Kahlo, unable to contain herself any more, lunged at him. Sweeping the whisky tumbler out of his hand, she grabbed him by the throat and shoved him up against the wall. Her eyes were wide and glittering.
“Bastard,” she snarled. “To think I ever loved you or thought you loved me. You don’t love anything. You’re not even a strong person. I see that now. You’re weak. Weak and pathetic. Scared of death. Scared of grief. Scared of anything you can’t control.”
“Kahlo...” said Dev.
Ignoring him, she continued, “I lost someone too, Dad. You seem to forget that. But did I turn out like you? Did I let myself get eaten up by bitterness? Did I hate myself so much I would fall for a Plusser selling me his religious snake oil?”
“Kahlo,” Dev persisted. “You’re killing him.”
Graydon was making guttural, strangulated choking sounds, and his face was purpling. His fingers plucked at his daughter’s hands, uselessly.
“So what?” she said. “He doesn’t deserve to live.”

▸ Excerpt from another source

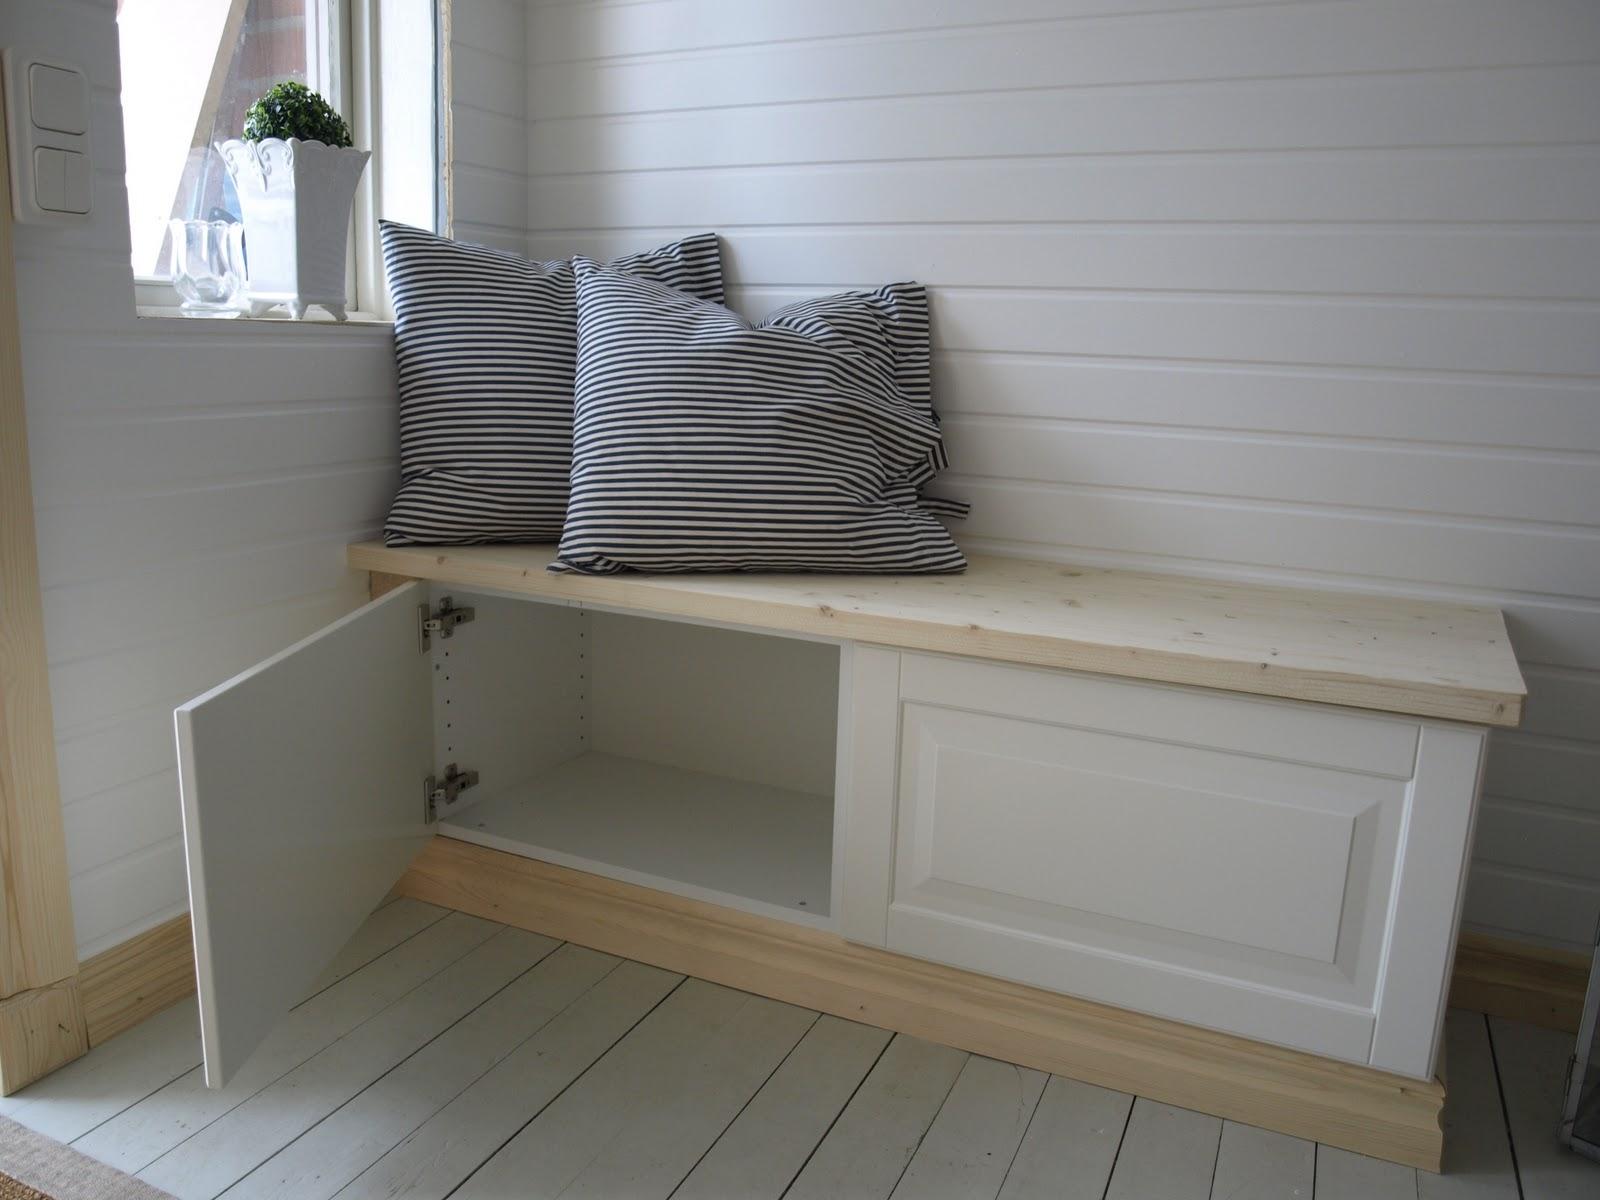 Sittbank Kok Ikea ~ Interiörinspiration Och Idéer För Hemdesign

“No argument,” said Dev. “But I need him alive just a little longer. He hasn’t yet told us where to find Jones.”
Kahlo reluctantly loosened her grip. Graydon slumped to the floor, sucking in urgent, wheezy breaths.
Dev squatted beside him.
“While you’re recovering, I want you to think carefully about your situation, Governor Graydon. If I let Captain Kahlo throttle you to death – and she very well might – or if I kill you myself, which, let’s face it, I’m perfectly capable of, then you’re never going to get your chance at life after death, are you? You’re never going to become a Plusser like you so desperately crave. You’re going to be just another defunct human being.”